#### [Exercise brief]
Return the first line of the listing below and all the lines after it through the one containing "Surfing: Luat-Hueu, Roback", exactly, without pictures.

#### [Data below]
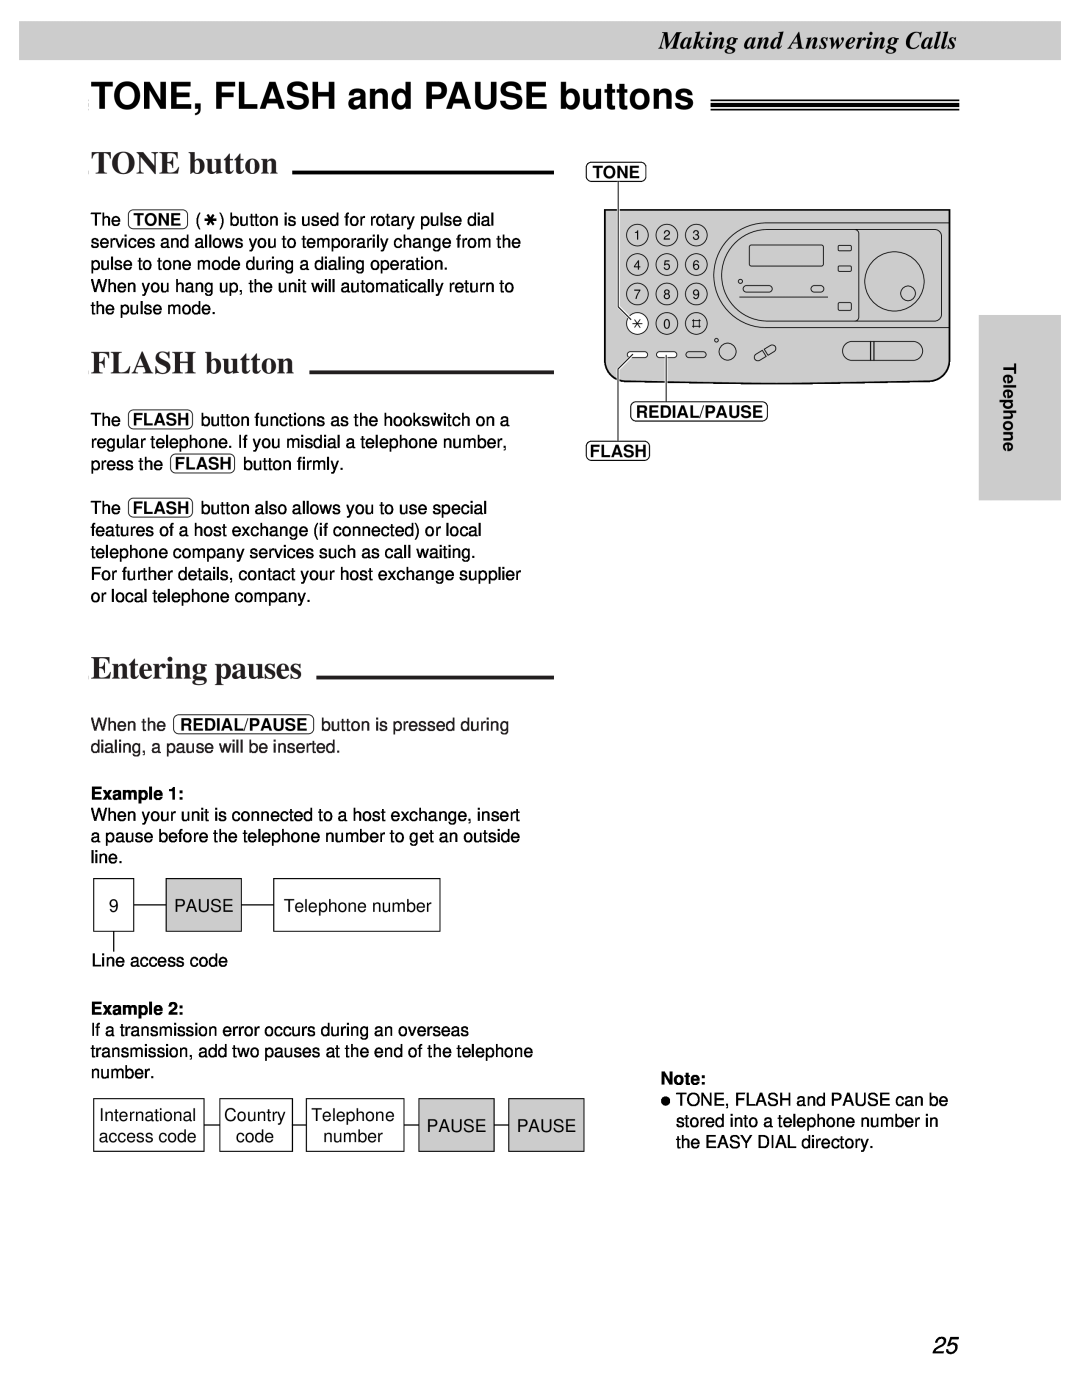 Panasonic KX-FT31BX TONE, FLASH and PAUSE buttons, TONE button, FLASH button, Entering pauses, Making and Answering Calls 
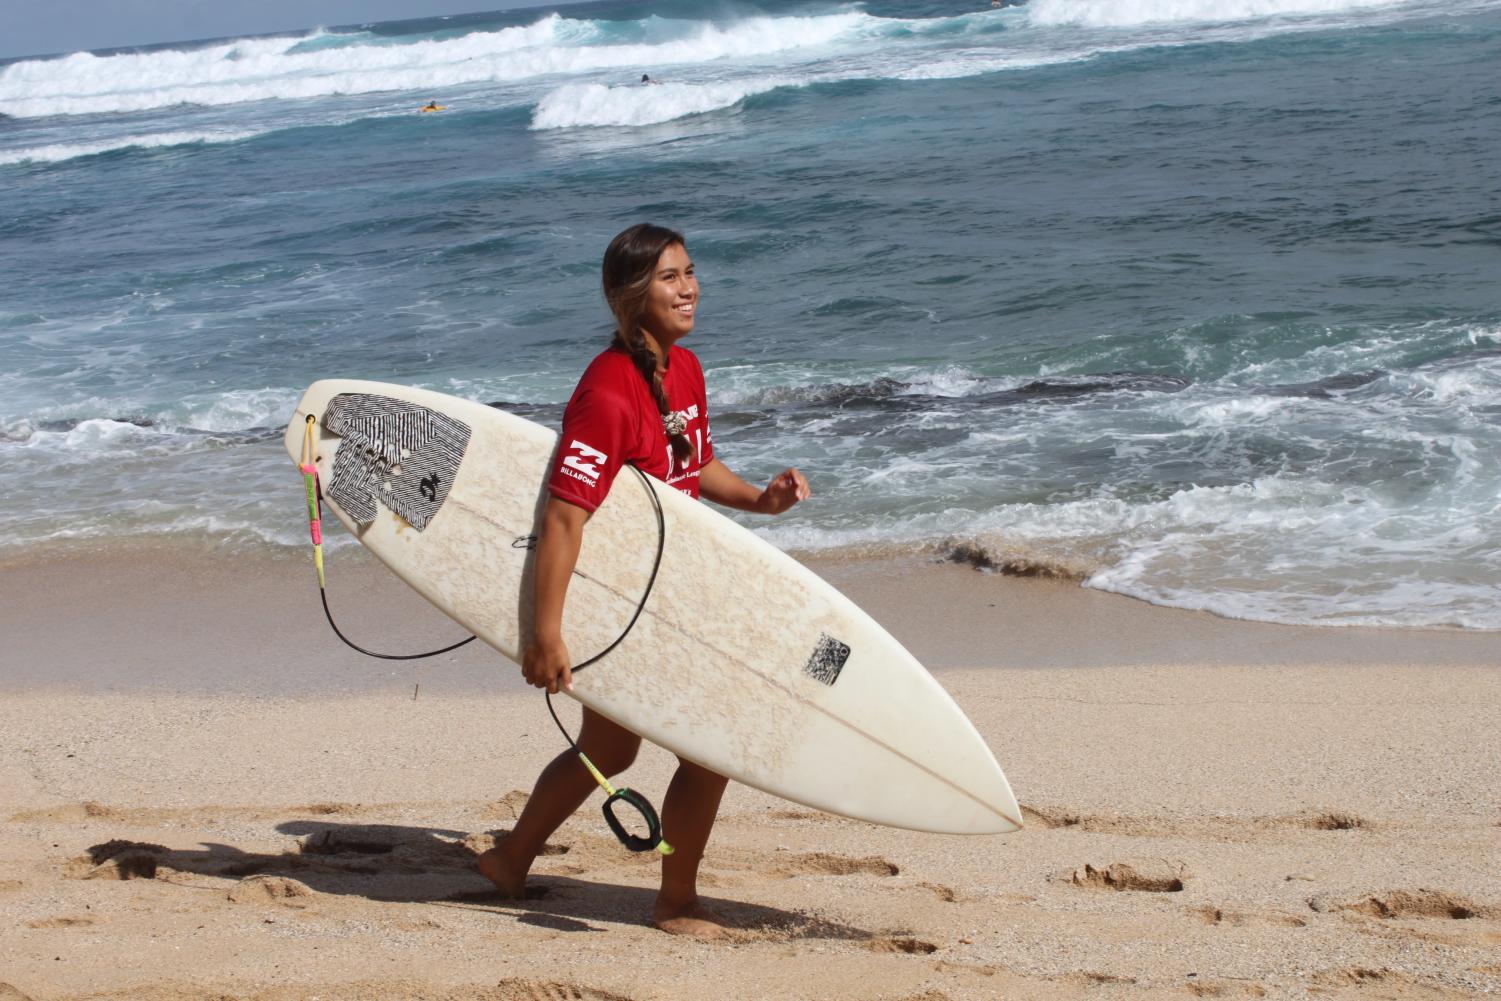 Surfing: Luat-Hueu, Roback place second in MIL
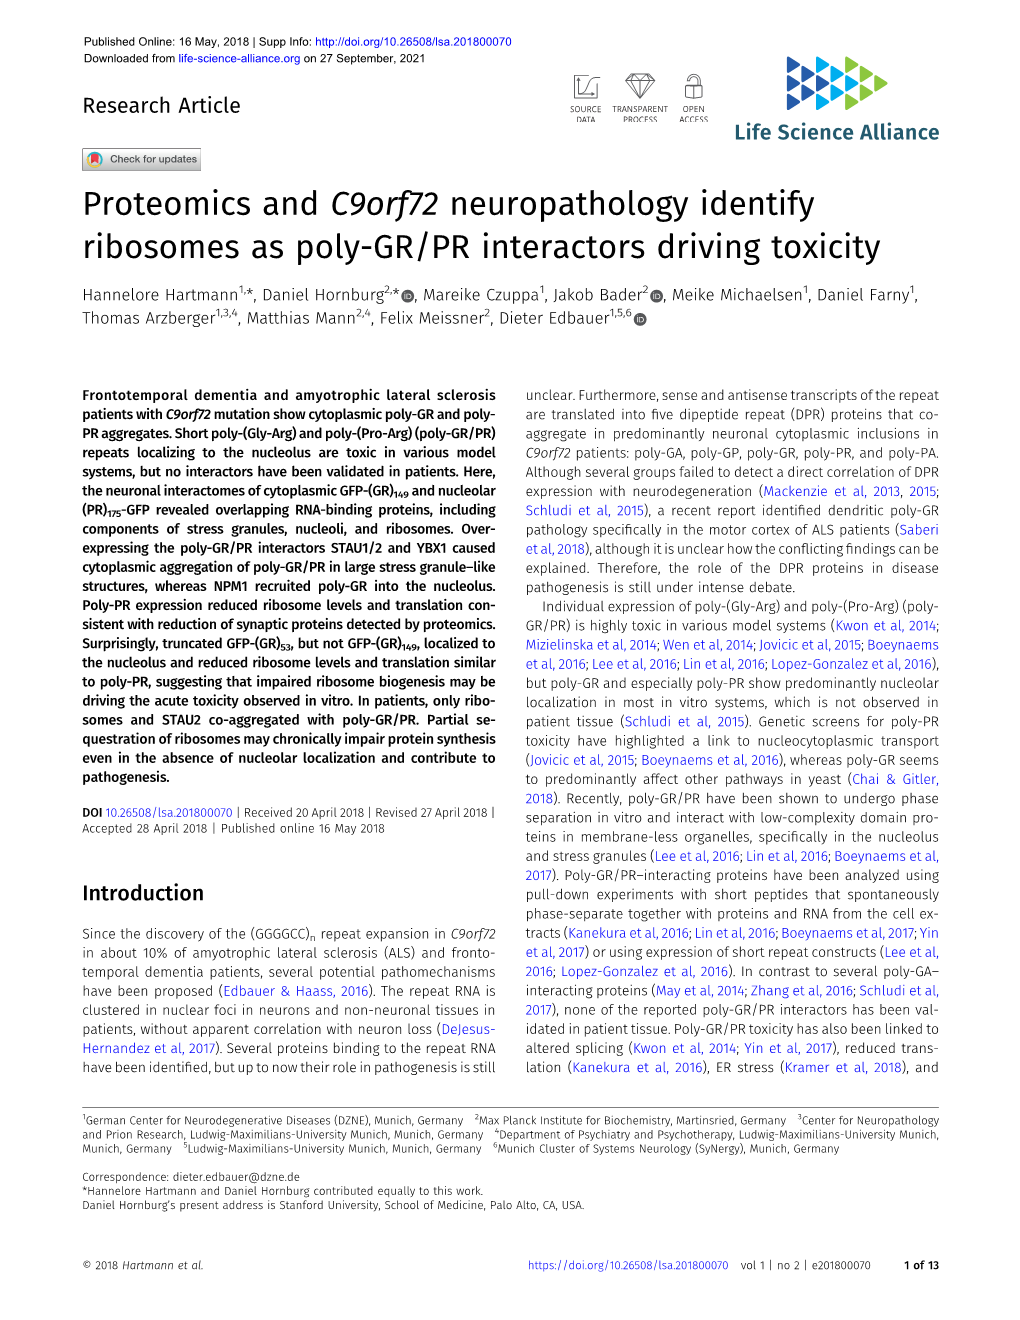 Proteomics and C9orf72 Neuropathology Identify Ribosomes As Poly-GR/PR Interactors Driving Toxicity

#### [Reply to the task]
 Panasonic KX-FT31BX TONE, FLASH and PAUSE buttons, TONE button, FLASH button, Entering pauses, Making and Answering Calls 
 Surfing: Luat-Hueu, Roback place second in MIL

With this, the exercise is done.